FTX Confirms July 31 Payout Date and $600 Million Reserve Reduction

June 17, 2026

FTX Sets July 31 Distribution Date for Allowed Claims

The FTX recovery trust confirmed this week that its next round of creditor payments will begin on July 31, 2026, with June 16 set as the record date for holders of allowed claims and interests. The announcement was posted by the official FTX account on X and detailed in a PR Newswire filing, marking the fifth scheduled distribution since payouts began in early 2025. Eligible recipients include preferred equity holders and approved NFT customer entitlement claimants, both of whom are tied to the same June 16 cutoff. The NFT distribution process opens separately on June 30. Markets registered the news with little volatility, with crypto prices trading in line with broader Fed positioning rather than reacting to the FTX update. The trust’s announcement was treated as a procedural milestone, not a market catalyst.

Record Date Locks the Claims Register on June 16

The record date is the cutoff that fixes who gets paid. Anyone holding an allowed FTX claim at the close of June 16 is on the distribution list. Anyone who buys, sells, or transfers a claim after that date is not. For claim holders, the practical effect is that the trust will no longer recognize secondary-market transfers from this point onward. Trades had to be fully processed and any 21-day objection period had to expire before the record date for the new owner to receive the payout, according to the filing. This is standard bankruptcy procedure, but with FTX’s complex registry of retail accounts, institutional creditors, and tradeable claims, the record date carries unusual weight. It is the moment the queue stops moving. Solana Deposits now live on Digitap

$600 Million Reserve Reduction Frees Up Funds for Payouts

Alongside the distribution date, the trust filed a court motion to reduce its disputed claims reserve by approximately $600 million, taking the held-back pool from $2.4 billion to $1.8 billion. The disputed claims reserve is a parked fund that bankruptcy estates hold against any claim that is contested, denied, or under appeal. Once the trust resolves enough of those disputes, it can release the surplus into general distributions. If the court approves the reduction, that $600 million flows into the July 31 round on top of whatever the trust was already planning to distribute. The motion has not yet been ruled on, and the final amount paid will depend on the order the court issues.
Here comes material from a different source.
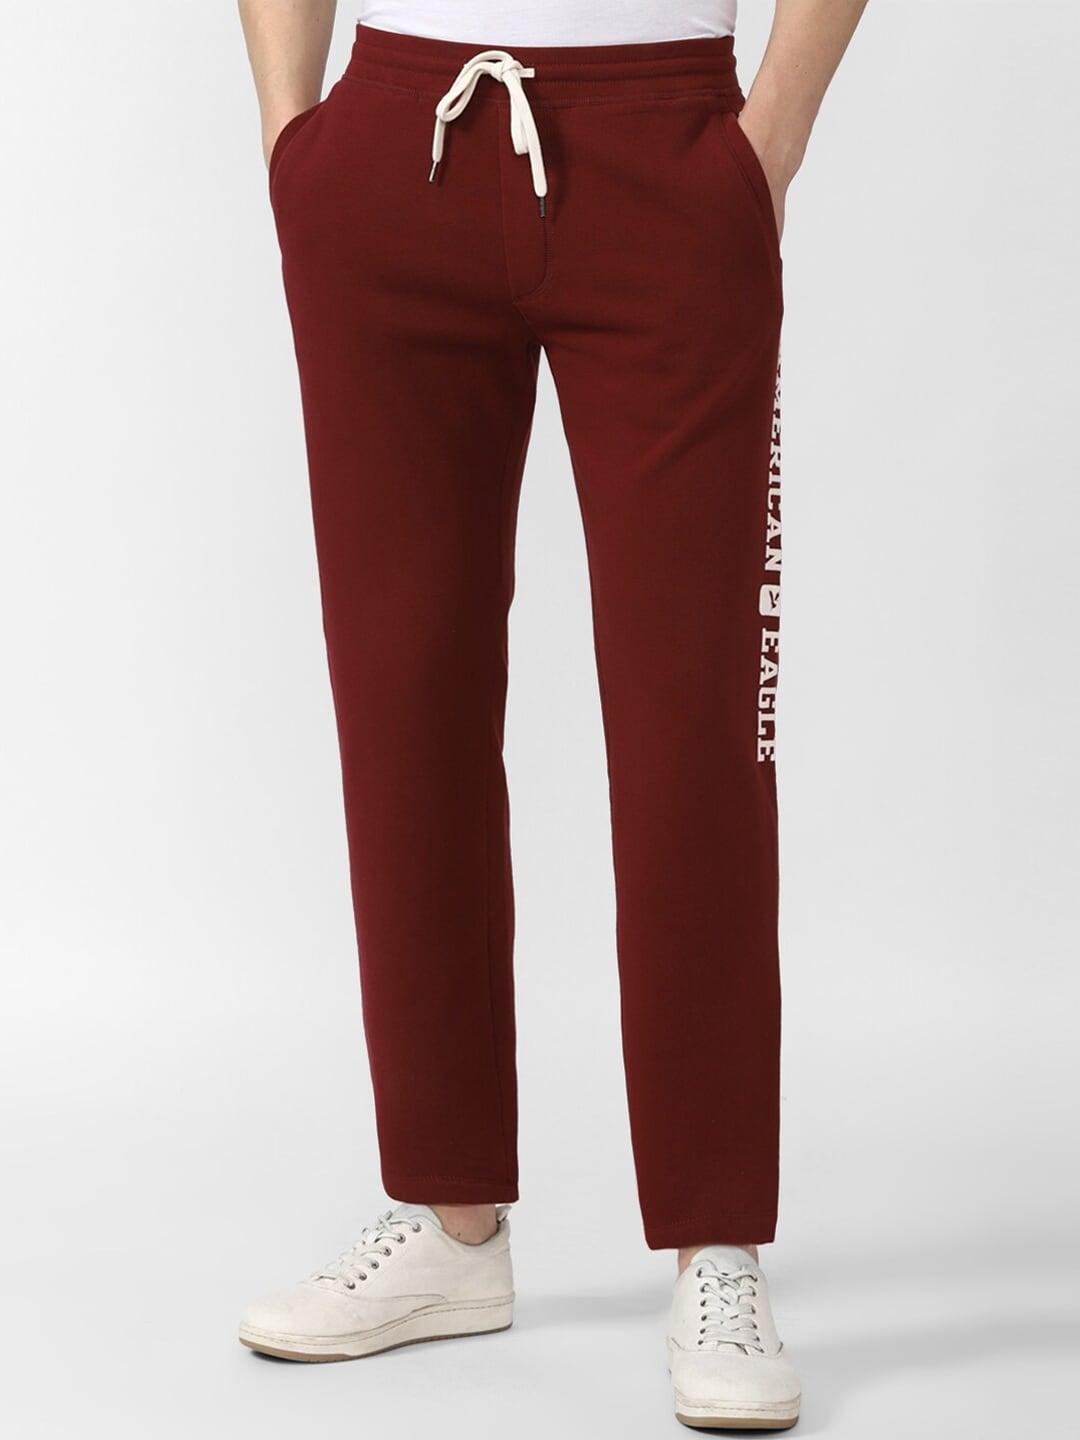 american-eagle-outfitters-men-burgundy-typography-printed-track-pants
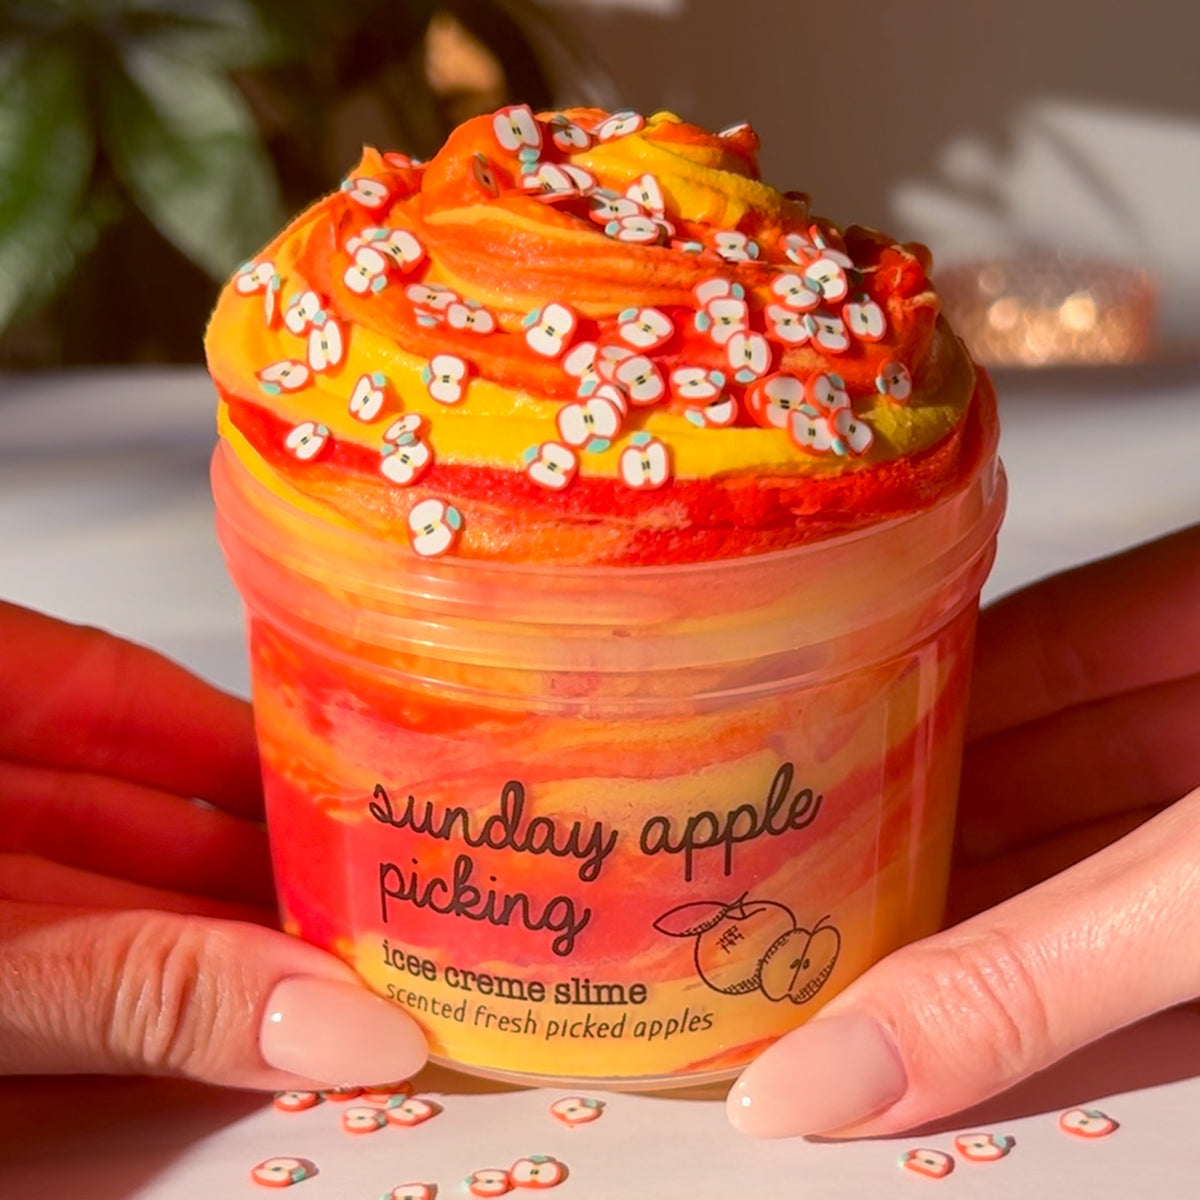 Sunday Apple Picking Fall Slime Apple Cinnamon Scented Slime Fantasies Shop 9oz New Front View 2

Recovery Now Tops $10 Billion Across Four Distribution Rounds

The July 31 payout will be the fifth scheduled round since FTX’s Chapter 11 reorganization plan was approved. According to Crypto Briefing, cumulative payouts after four rounds have reached roughly $10 billion. Most claim classes are now sitting at a 96.1% recovery, while the convenience class, made up of smaller claims, has been paid out at 120% cumulatively. Those figures rank among the highest recoveries in modern bankruptcy history. The original case projected a much harder fight, with creditors fearing they would see only a fraction of what they were owed when the exchange collapsed in November 2022. The unexpectedly strong recovery came from a combination of aggressive asset clawbacks, surging valuations on FTX’s venture portfolio, and crypto’s broader bounce from the 2022 lows.
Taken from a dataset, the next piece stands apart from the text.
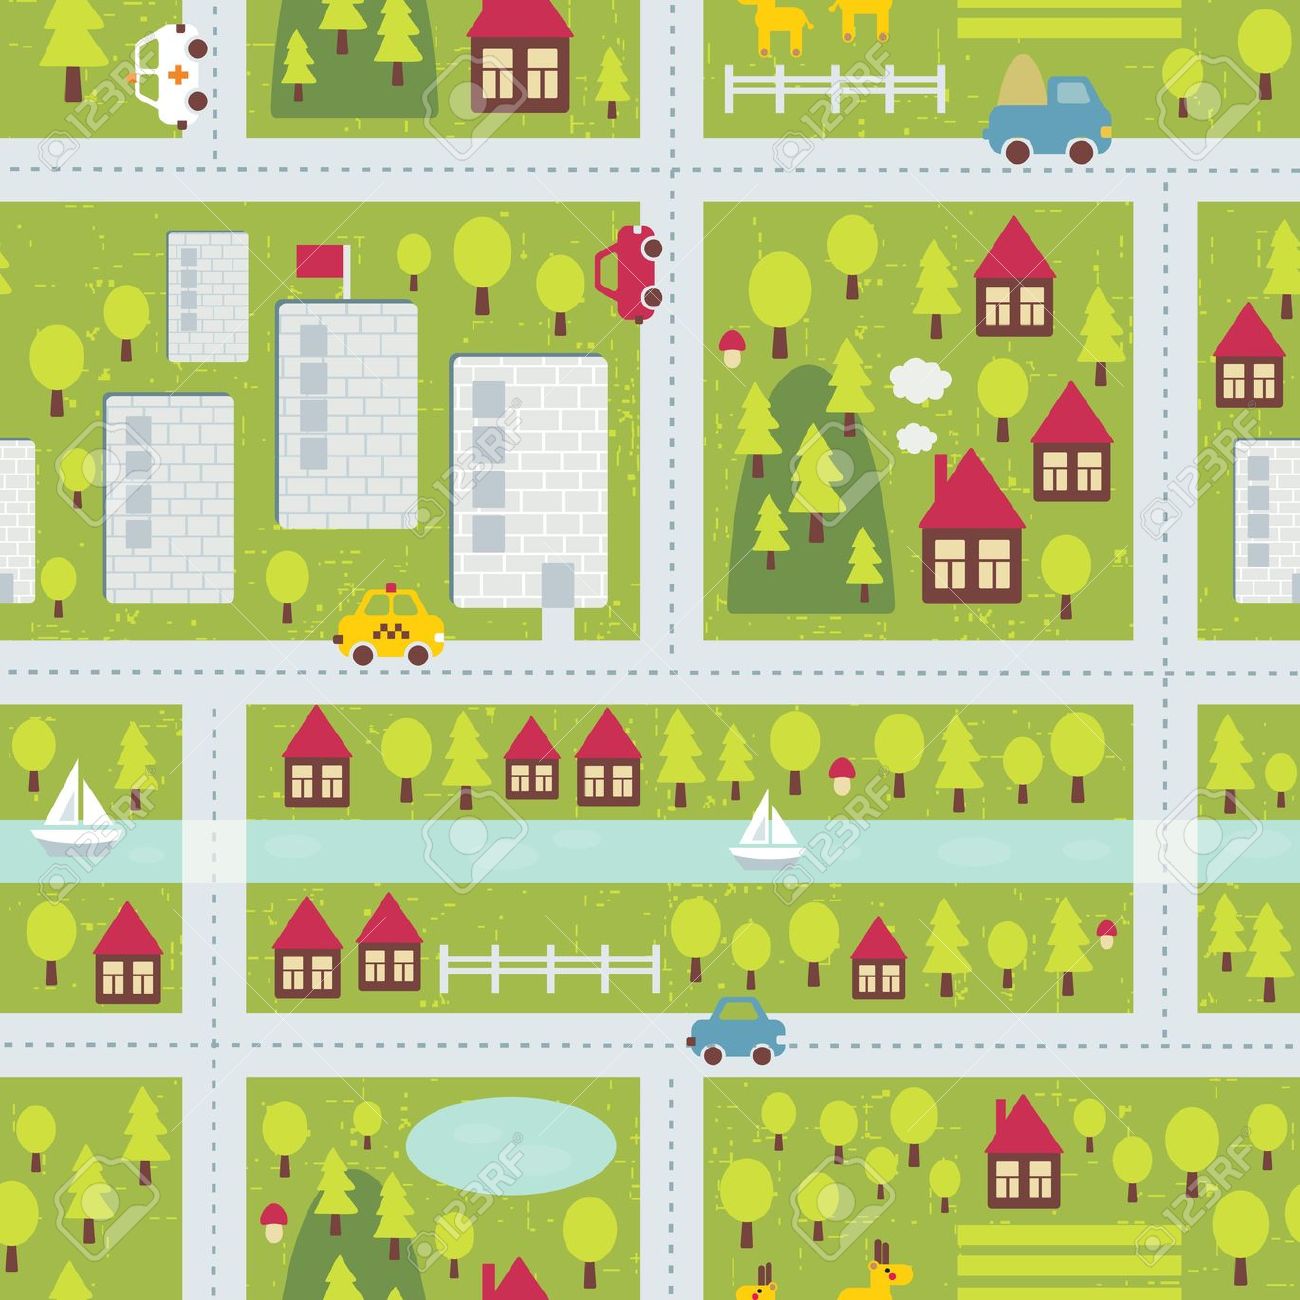 Town map clipart image

BitGo, Kraken, and Payoneer Will Process the Payments

Distributions on July 31 will move through three approved service providers: BitGo, Kraken, and Payoneer. Eligible claimants must complete KYC verification, submit tax documentation, and onboard with one of the three before any funds can be released. The trust has repeatedly warned that no payment will be made outside this pipeline. Phishing campaigns aimed at FTX claimants have been a steady backdrop to every round, with bad actors posing as the trust to harvest credentials or redirect payouts. For users still holding balances on exchanges today, the FTX wind-down has become an unintentional case study in counterparty risk. Many have responded by shifting funds into a self-custody crypto wallet rather than leaving them where a future insolvency could freeze them.
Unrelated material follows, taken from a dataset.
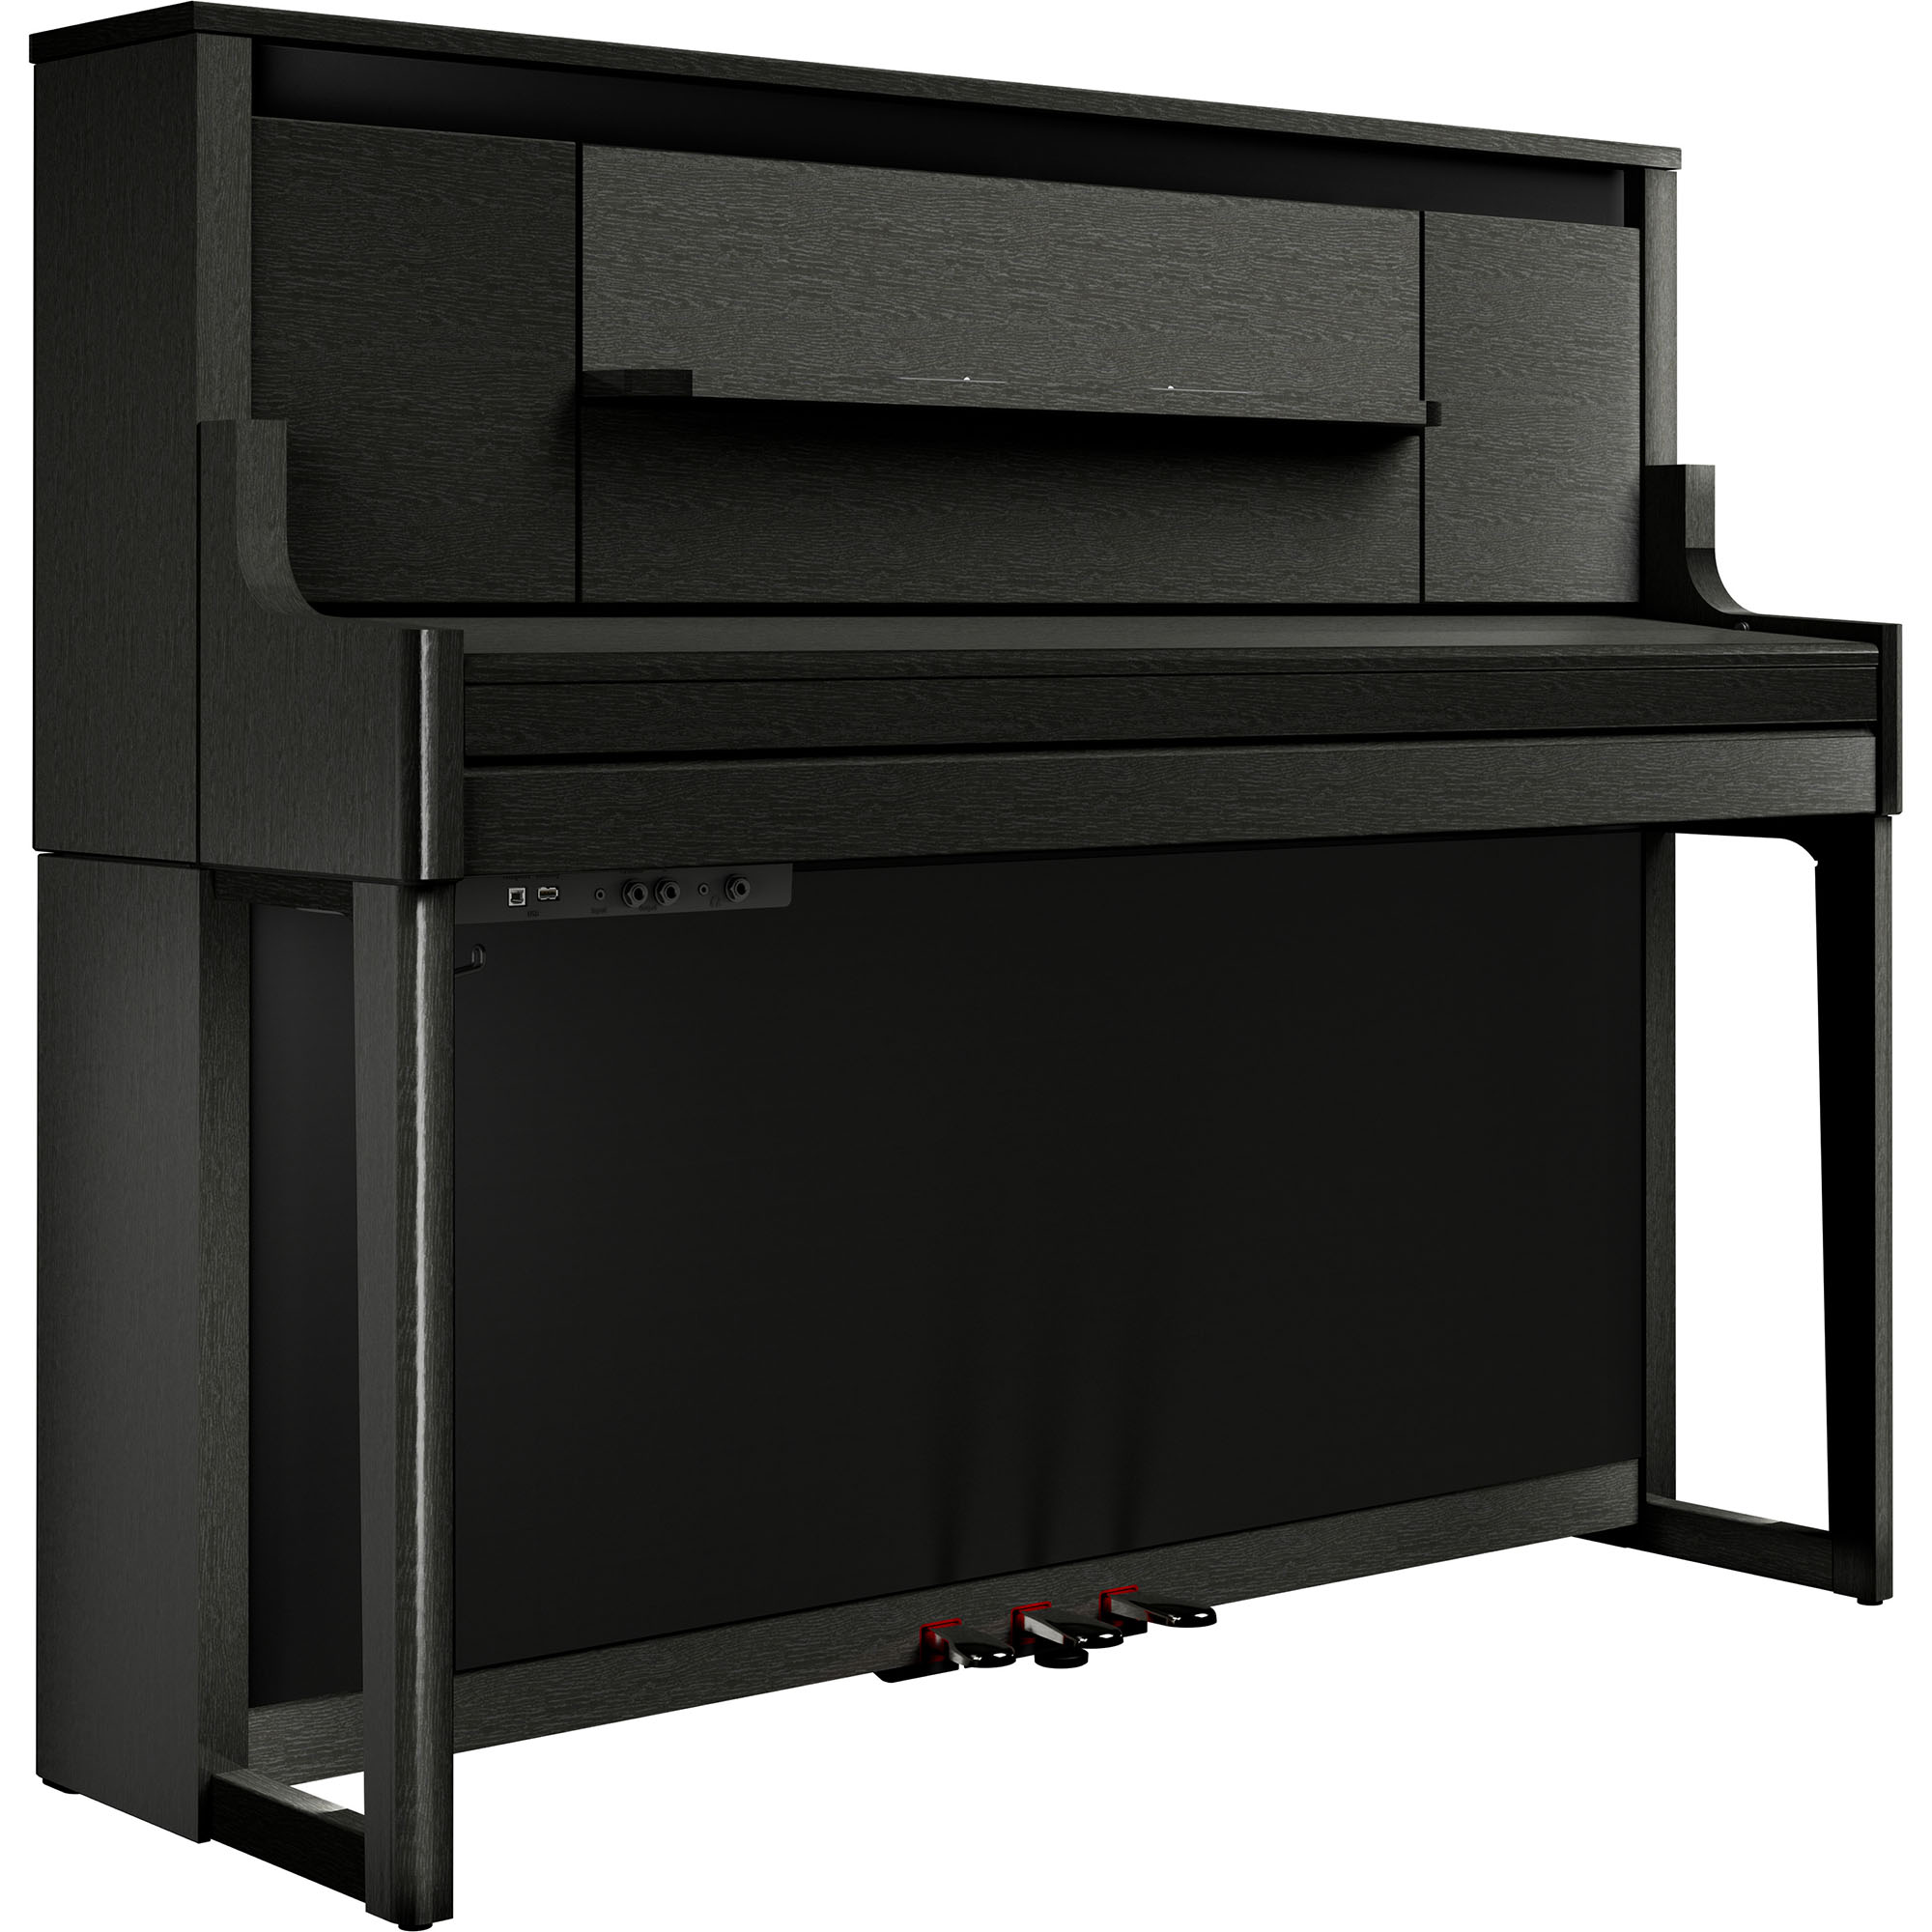 Roland Lx-9-ch - Charcoal Black - Digital piano with stand - Variation 1

Will Creditors Actually Be Made Whole?

Headline recovery rates may suggest the case is nearly closed, but creditor advocates argue otherwise. Sunil Kavuri, a prominent FTX creditor representative, has long said that “FTX creditors are not whole” because claims are being paid using the value of customer assets as of November 2022, when Bitcoin was trading near $16,000. At today’s prices, those same assets would be worth several times more. A creditor who held one Bitcoin on FTX in late 2022 may receive close to its dollar value then, but the coin itself is no longer theirs to ride higher. This is the piece of the case that could shape future crypto bankruptcy law. Whether the November 2022 valuation basis becomes the template for future failures or whether a court eventually allows in-kind crypto returns may define how exchange users think about custody risk into the next cycle.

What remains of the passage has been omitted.